А в день тревоги оно и вовсе не показалось, лишь красные космы его, точно взбитые ветром, повисели недолго на самом скосе неба. Андрею показалось, что это из-за них и тревога, что властный звук сирены возник из этих косм, густо-багровых, торжественных и бесстрастных предвестников долгой полярной ночи.

Тишины как не бывало, ее место заполнило движение и короткие отрывистые слова. А еще через минуту власть захватили новые звуки — ровный и ритмичный гул силовых установок.

Андрей видел, что вместе с ним секунда в секунду занял место у пульта Иван. И тут же с командного пункта поступило предупреждение: где-то на дальних подходах неизвестный самолет.

В начале службы аппаратная казалась Андрею пилотской кабиной большого самолета: эти неяркие контрольные лампочки, светящиеся шкалы приборов… Еще капля фантазии — и ты в полете, считай, что с быстротой молнии уносишься от земли.

— Нет, здорово, Ваня. Правда?

— Чудненько, друже…

Потом, с приходом чувства власти над приборами, ощущение полета пропало. Аппаратная стала аппаратной, а поставленная боевая задача — основной мыслью.

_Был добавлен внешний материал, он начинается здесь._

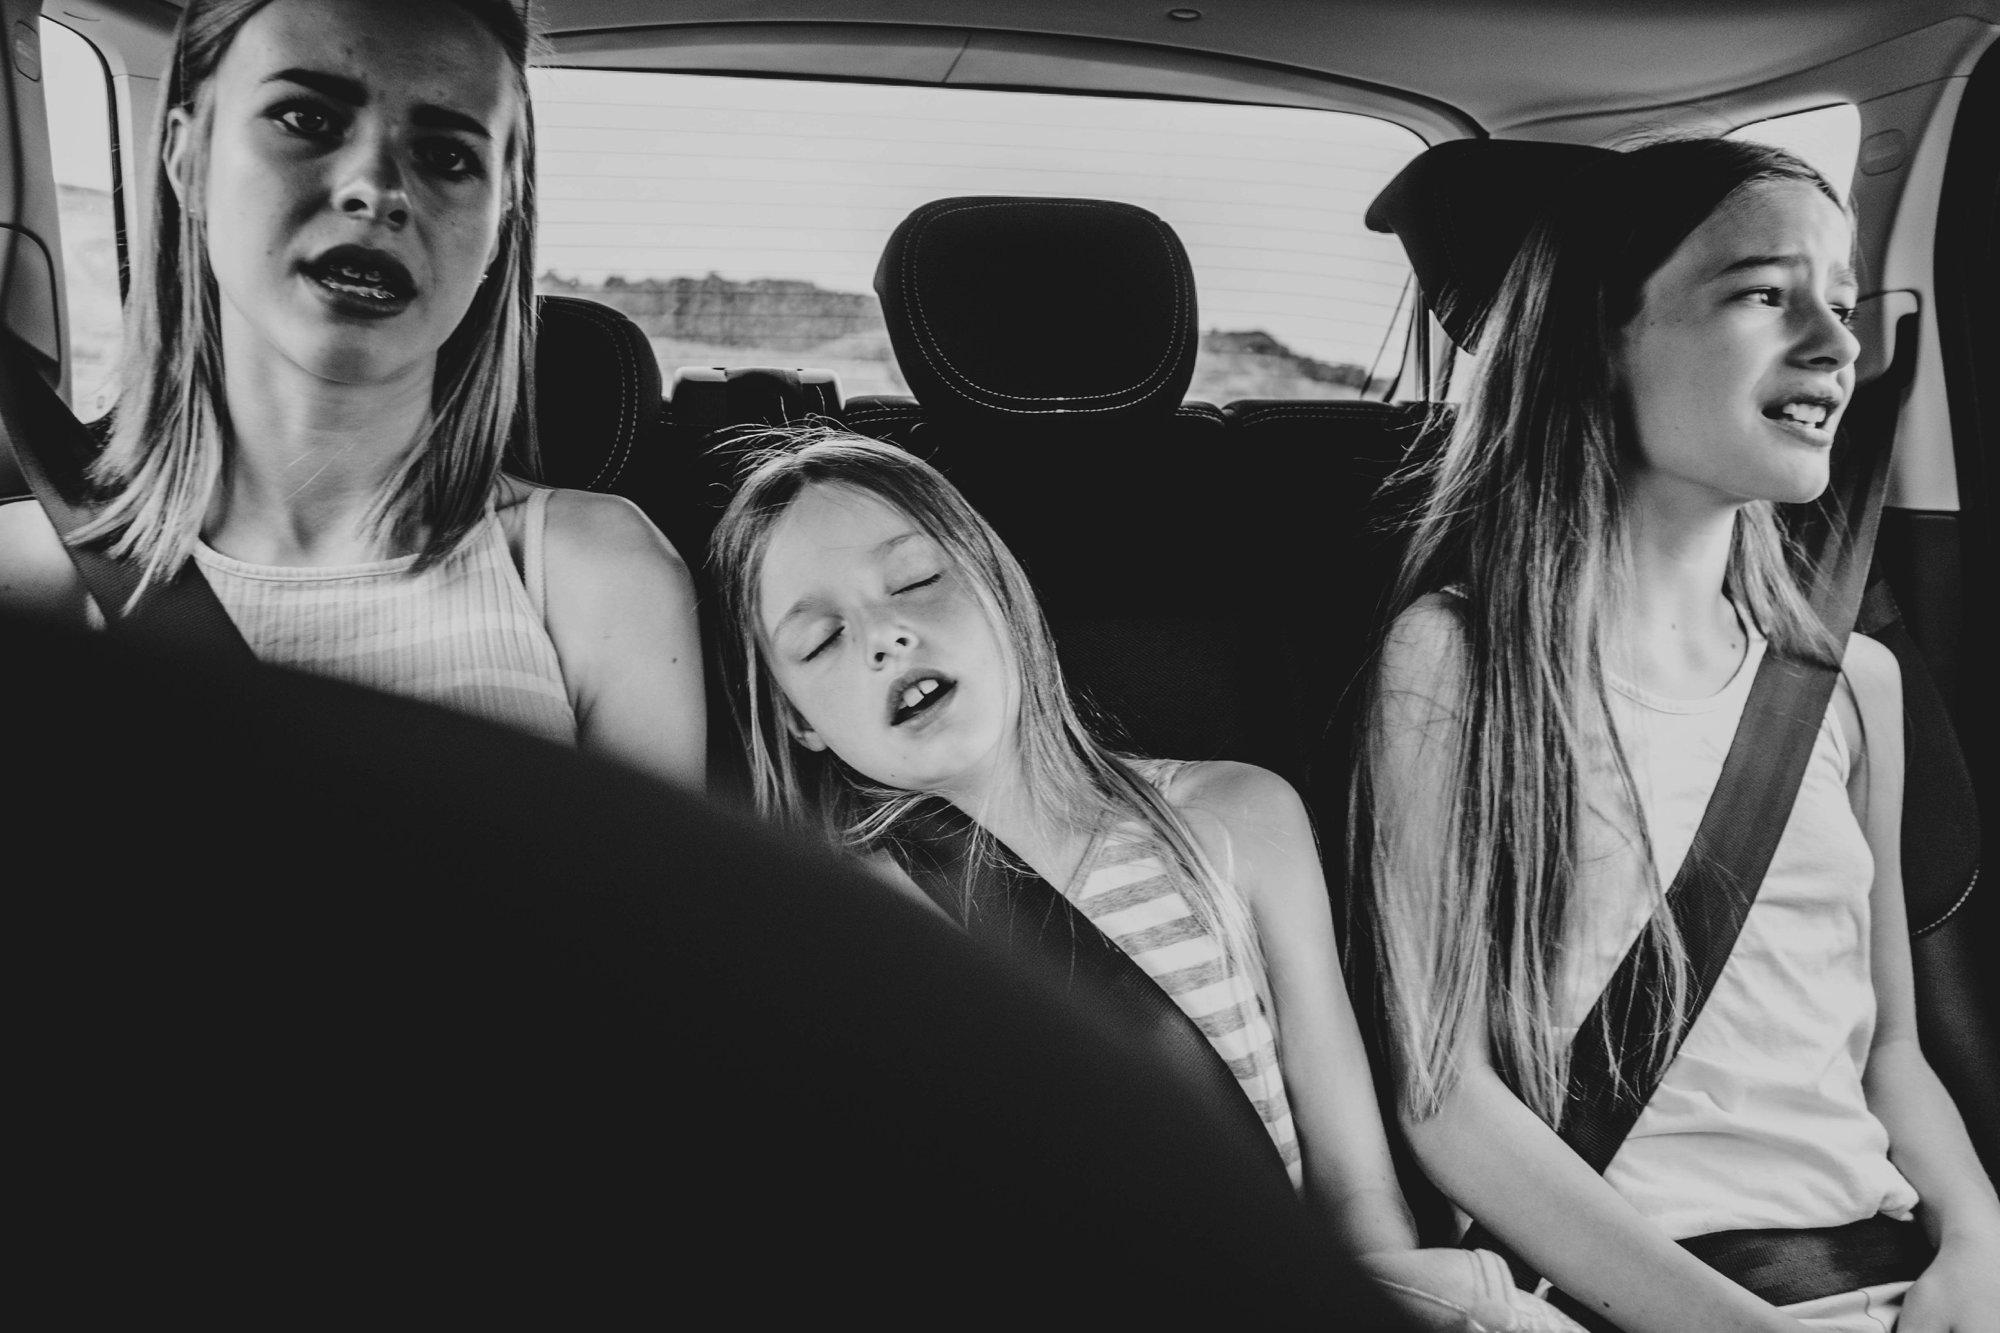 Little girl asleep in back of car Essex Documentary Wedding Travel Family Photographer
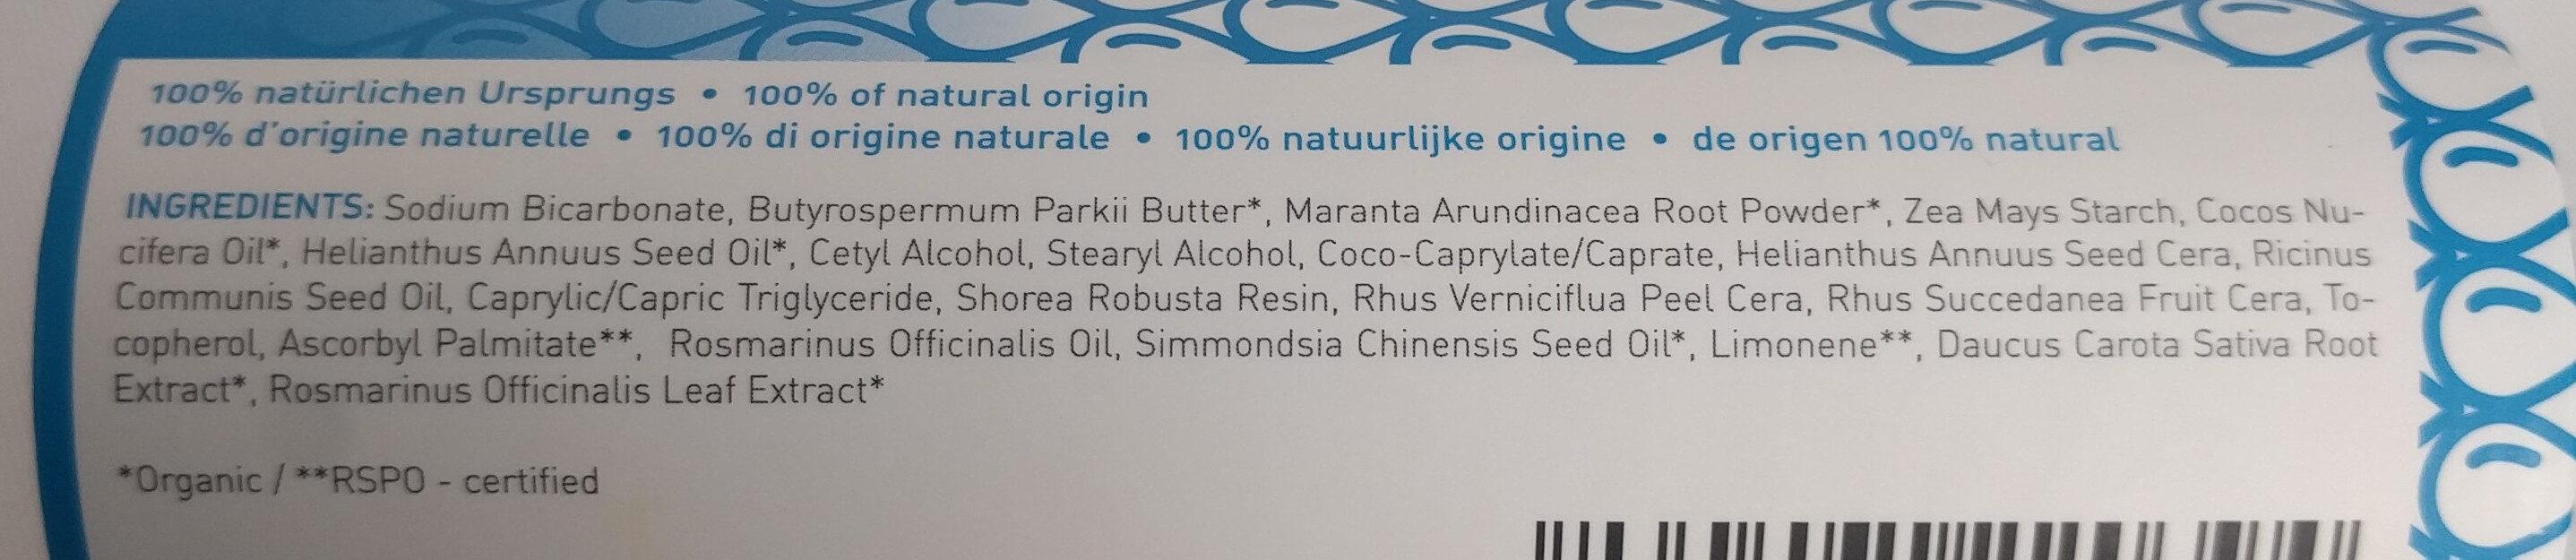 Natural Deodorant PURE - Ingredients - de

Вот и сейчас… Но что это? Явно искусственные и очень активные помехи…

Что же, Андрей и к этому был готов. Уже через какие-то минуты он послал в черный раструб микрофона уверенные слова:

— Цель вижу! Азимут… дальность…

5

Подполковник или не расслышал или не понял Андрея, поэтому со строгостью в голосе сказал:

— Отпуск за обнаружение важной цели предоставлен вам, а не Сахарову. Так о чем вы просите?

— Я прошу разрешить вместо меня поехать Ивану… Простите, ефрейтору Сахарову. Девушка у него… устроить ее надо. Уж больно трудно живет.

— А вам самому ехать, что ли, не хочется? — подполковник встал из-за стола, в удивлении подошел вплотную к Андрею.

— Очень хочется, — горячей жаждой вырвалось у Андрея. — Но Сахарову нужнее сейчас поехать. Письма он получает невеселые, извелся…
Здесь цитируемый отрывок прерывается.